:: GOAL OF THE EXERCISE ::
Only the stretch below from the line holding "Porsche Carrera RSR" through the line holding "National Geographic - Vietnam" should be restated, word for word and with both ends included; pictures stay out.

:: SOURCE DATA ::
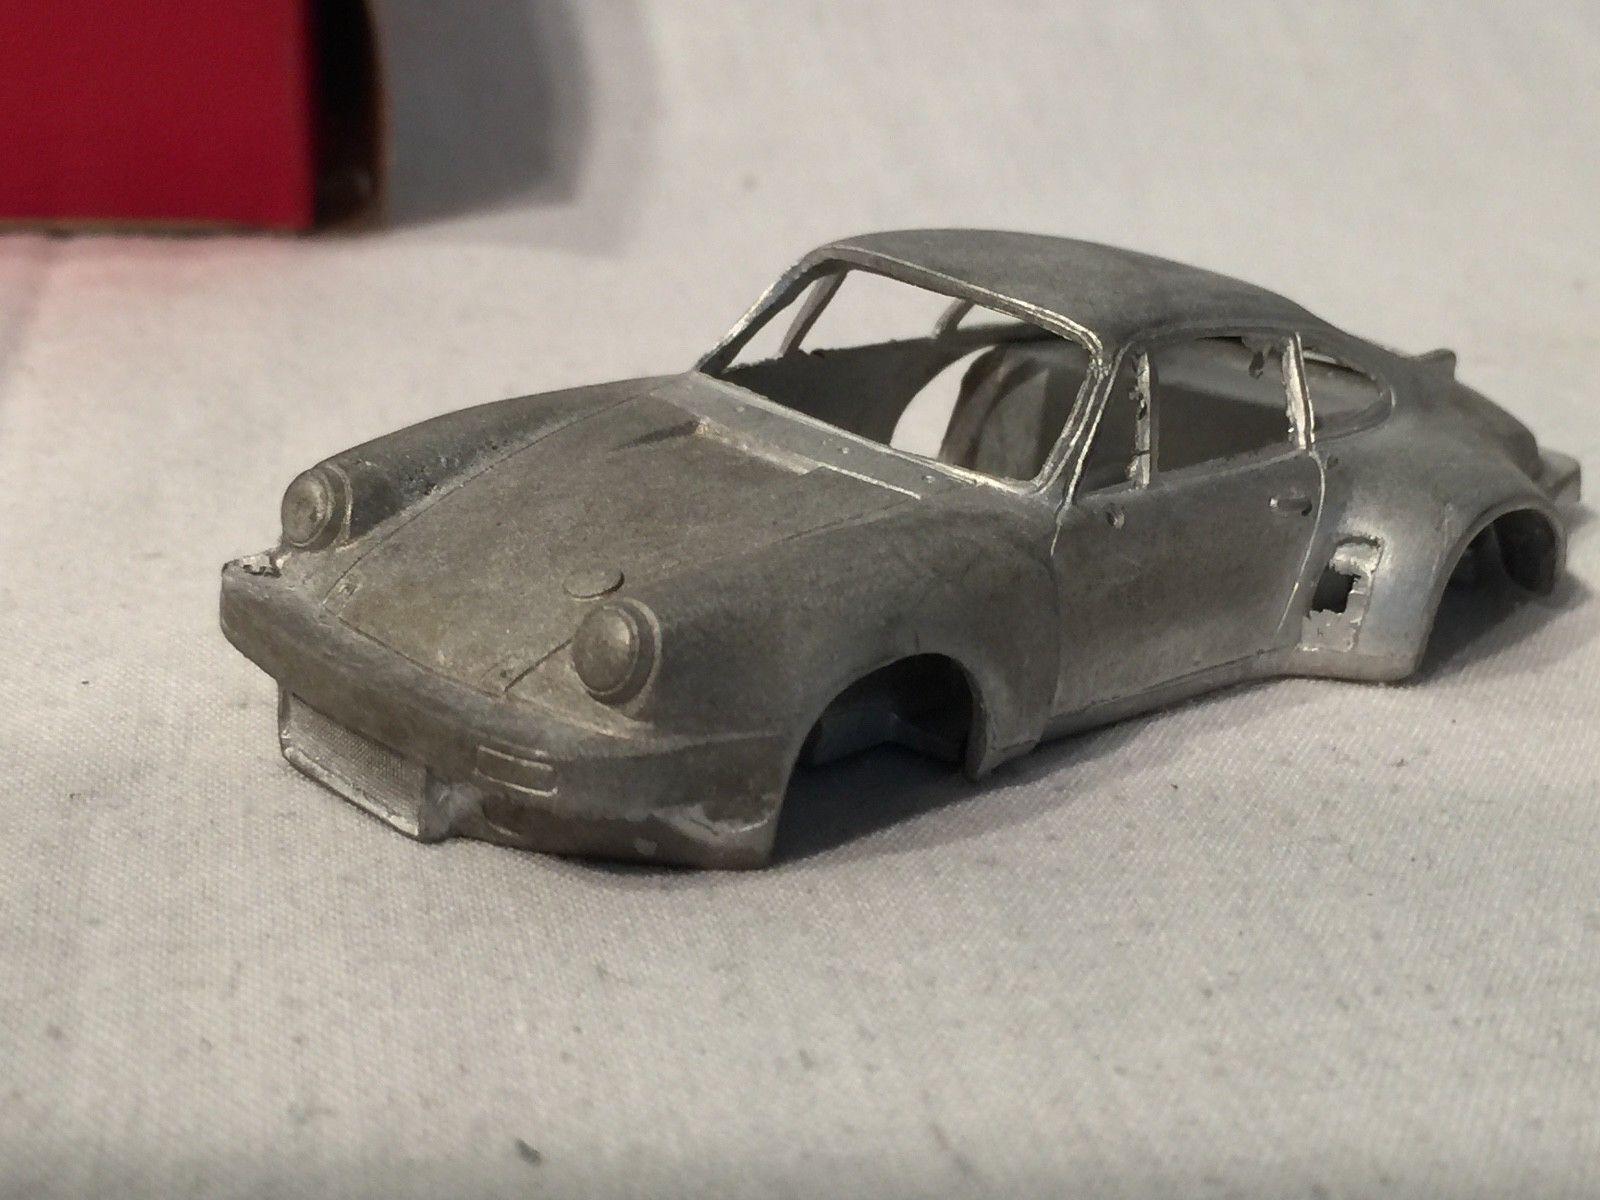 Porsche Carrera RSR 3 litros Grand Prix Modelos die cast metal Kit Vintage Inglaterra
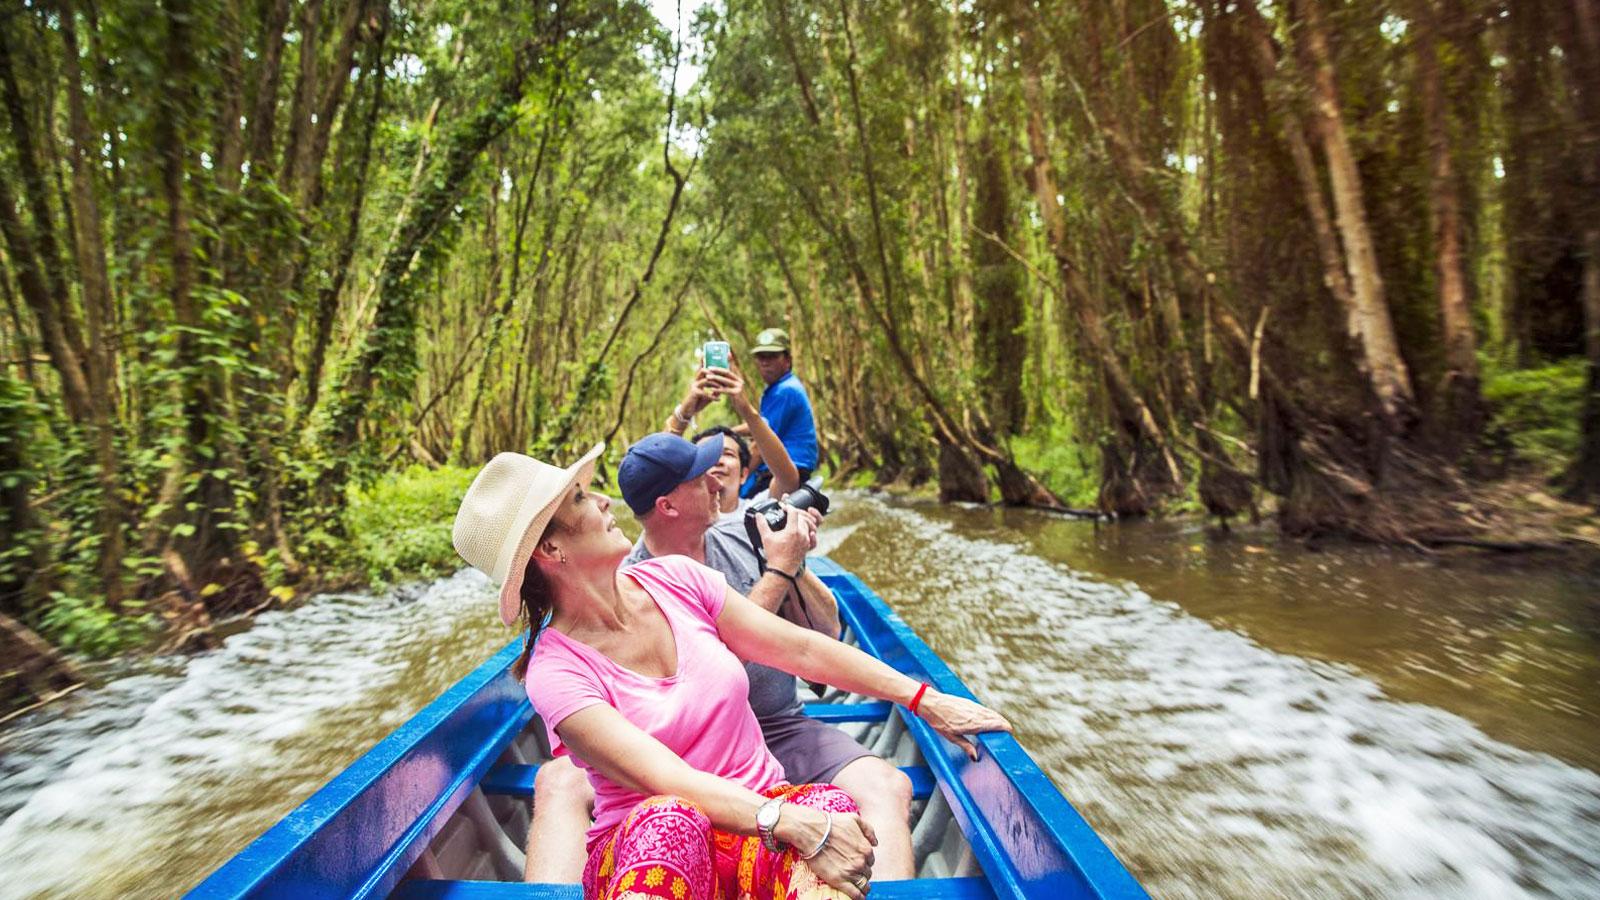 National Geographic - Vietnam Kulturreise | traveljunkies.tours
--
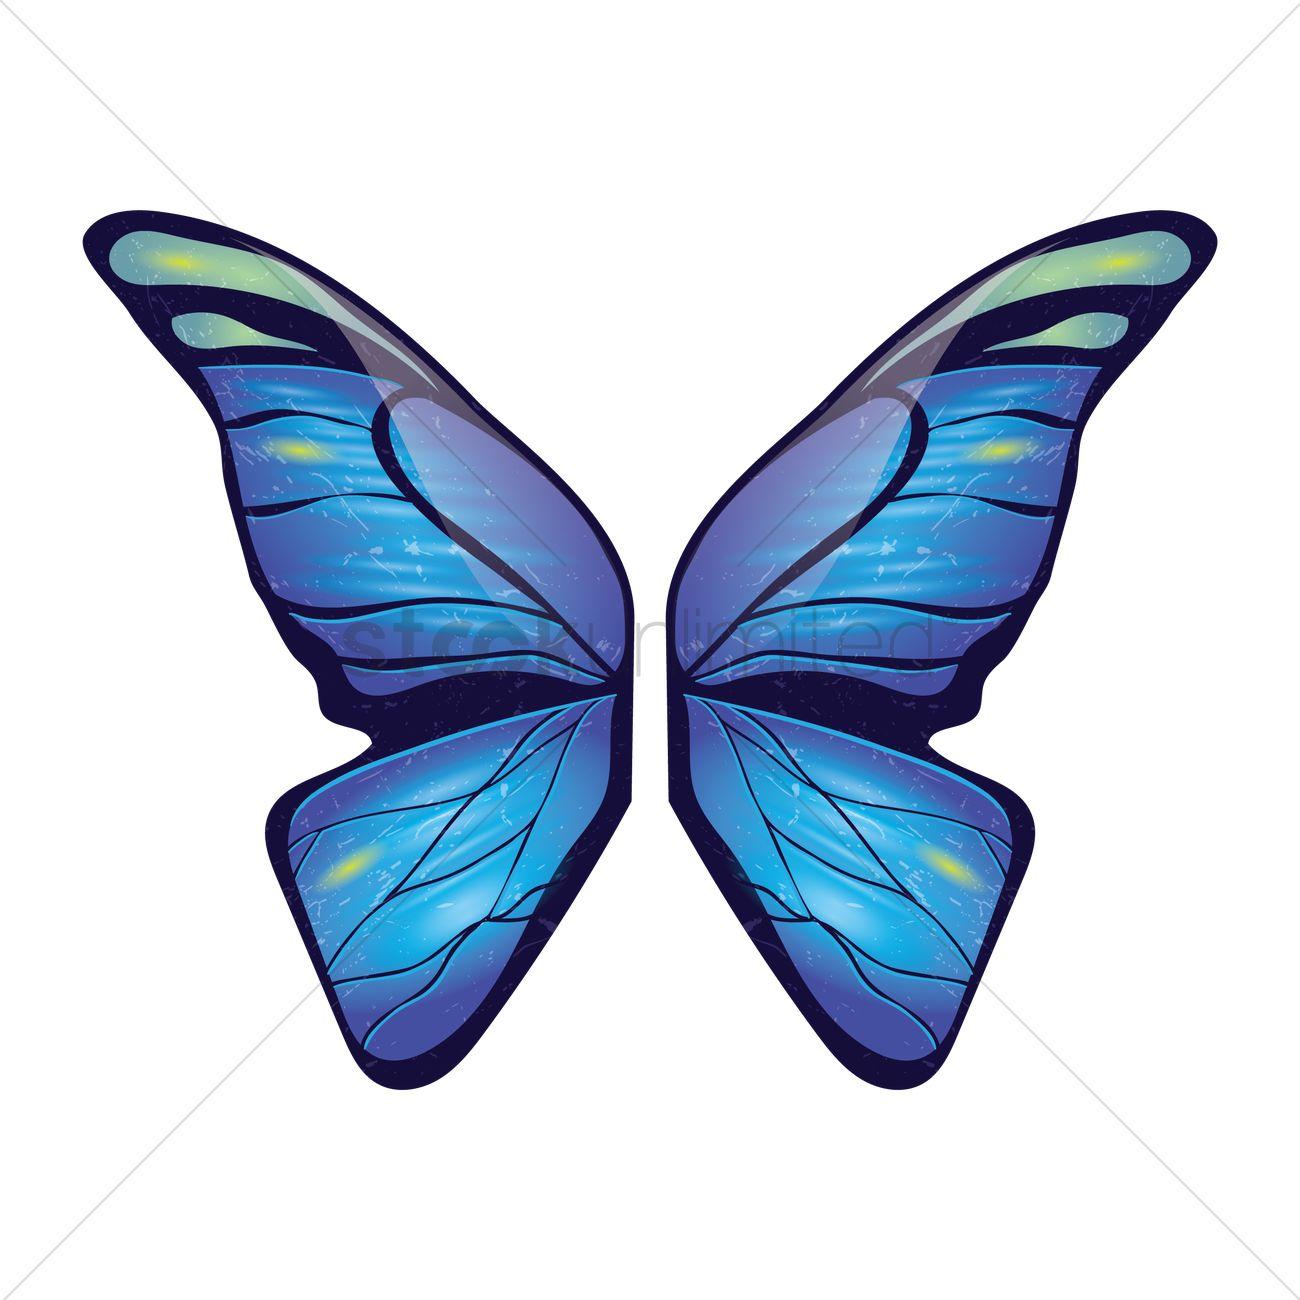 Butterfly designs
--
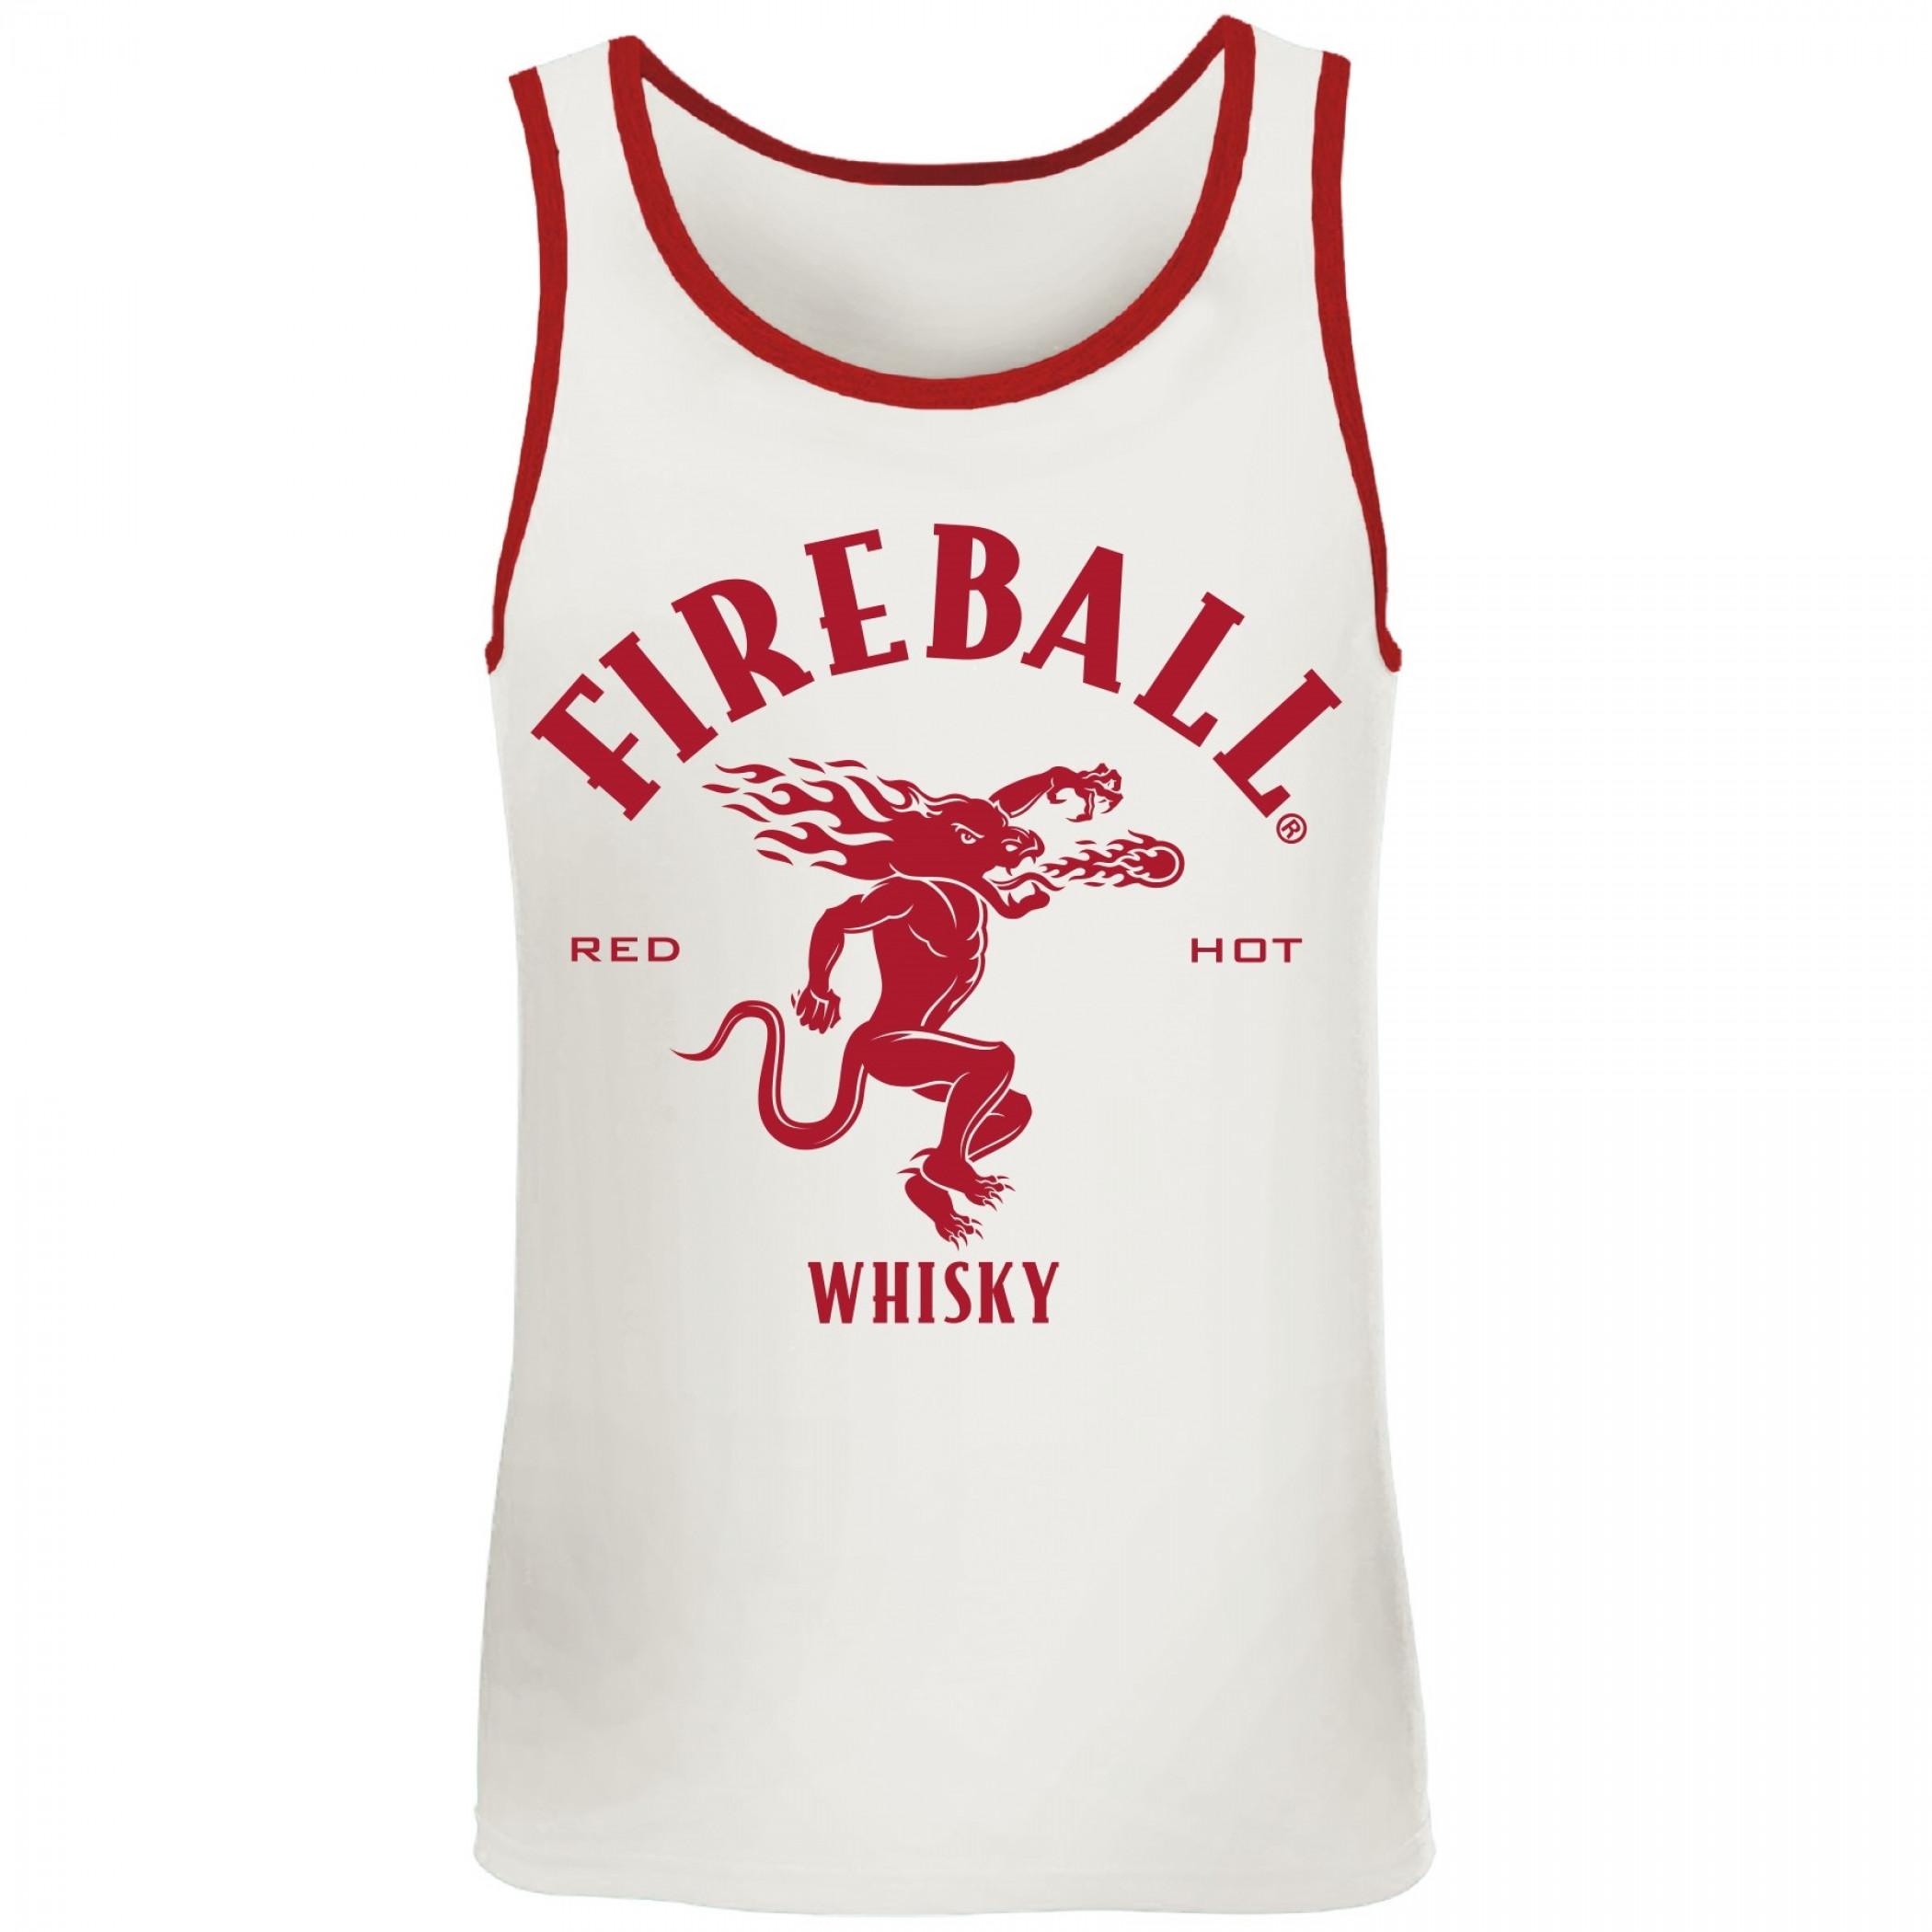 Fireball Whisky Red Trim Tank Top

:: TASK ANSWER ::
 Porsche Carrera RSR 3 litros Grand Prix Modelos die cast metal Kit Vintage Inglaterra
 National Geographic - Vietnam Kulturreise | traveljunkies.tours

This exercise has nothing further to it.